Lagrange_Multipliers.mws

Lagrange Multipliers

Summary

The geometry of Lagrange multipliers is explored in the context of the
optimization problem for y e^x on an ellipse. Solutions are also obtained
numerically using fsolve.

> with(plots):

Warning, the name changecoords has been redefined

The Function f Being Optimized and the Constraint

The function being optimized.

> f := y*exp(x);

f := y*exp(x)

The constraint, an ellipse.

> constr1 := x^2+x*y+4*y^2 -1=0;

constr1 := x^2+x*y+4*y^2-1 = 0

The Constraint Set With Typical Level Curves of f

> gr1 := implicitplot(constr1,x=-2..2,y=-2..2,color=blue):

> display(gr1);

[Maple Plot]

The geometric interpretation of Lagrange Multipliers concerns the interplay
between level curves of f and the constraint set. So we begin by looking at level curves.
The level curve f = -2.

> gr3 := implicitplot(f=-2,x=-2..2,y=-2..2,color=plum):

> display({gr1,gr3});

[Maple Plot]

> gr4 := implicitplot(f=-.5,x=-2..2,y=-2..2,color=sienna):

The level with value -.5 meets the ellipse obliquely.
So, for example at the point of intersection near the y axis, moving to the left along the ellipse increases the value of the function while moving right decreases the value.

> display({gr1,gr3,gr4});

[Maple Plot]

Setting Up and Solving the Lagrange Multiplier Condition

The usual auxiliary function in the method of Lagrange Multipliers.

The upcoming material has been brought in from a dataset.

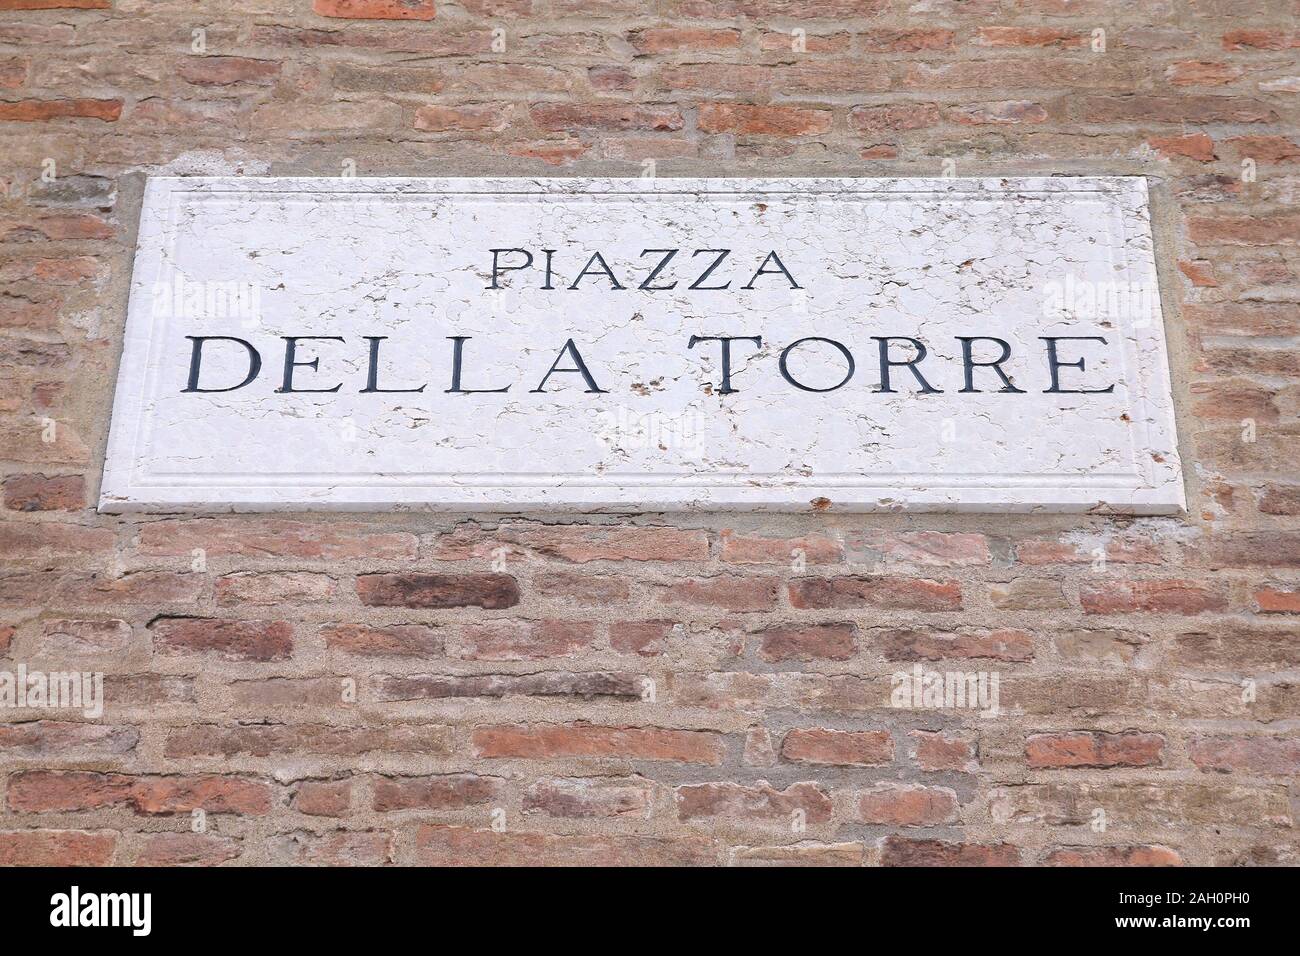 Modena, Italy - Emilia-Romagna region. Square name sign - Piazza Della Torre. Stock Photo

> h := f - lambda * lhs(constr1);

h := y*exp(x)-lambda*(x^2+x*y+4*y^2-1)

> eqn1 := diff(h,x) = 0;

eqn1 := y*exp(x)-lambda*(2*x+y) = 0

> eqn2 := diff(h,y) = 0;

eqn2 := exp(x)-lambda*(x+8*y) = 0

The optional third argument in the fsolve call allows us to only seek solutions in
a certain range. Our choice of range here was suggested by the pictures above.

> fsolve({eqn1,eqn2,constr1},{x,y,lambda},{x=-1.5..1.5,y=-.5 .. .5});

{y = -.4267974178, lambda = -.8239204391, x = .7763...

These statements illustrate how to conveniently extract various numbers from the
solution set.

> solnset := %;

>

solnset := {y = -.4267974178, lambda = -.8239204391...

The exact order in which x,y, and lambda may vary from machine to machine or time to time.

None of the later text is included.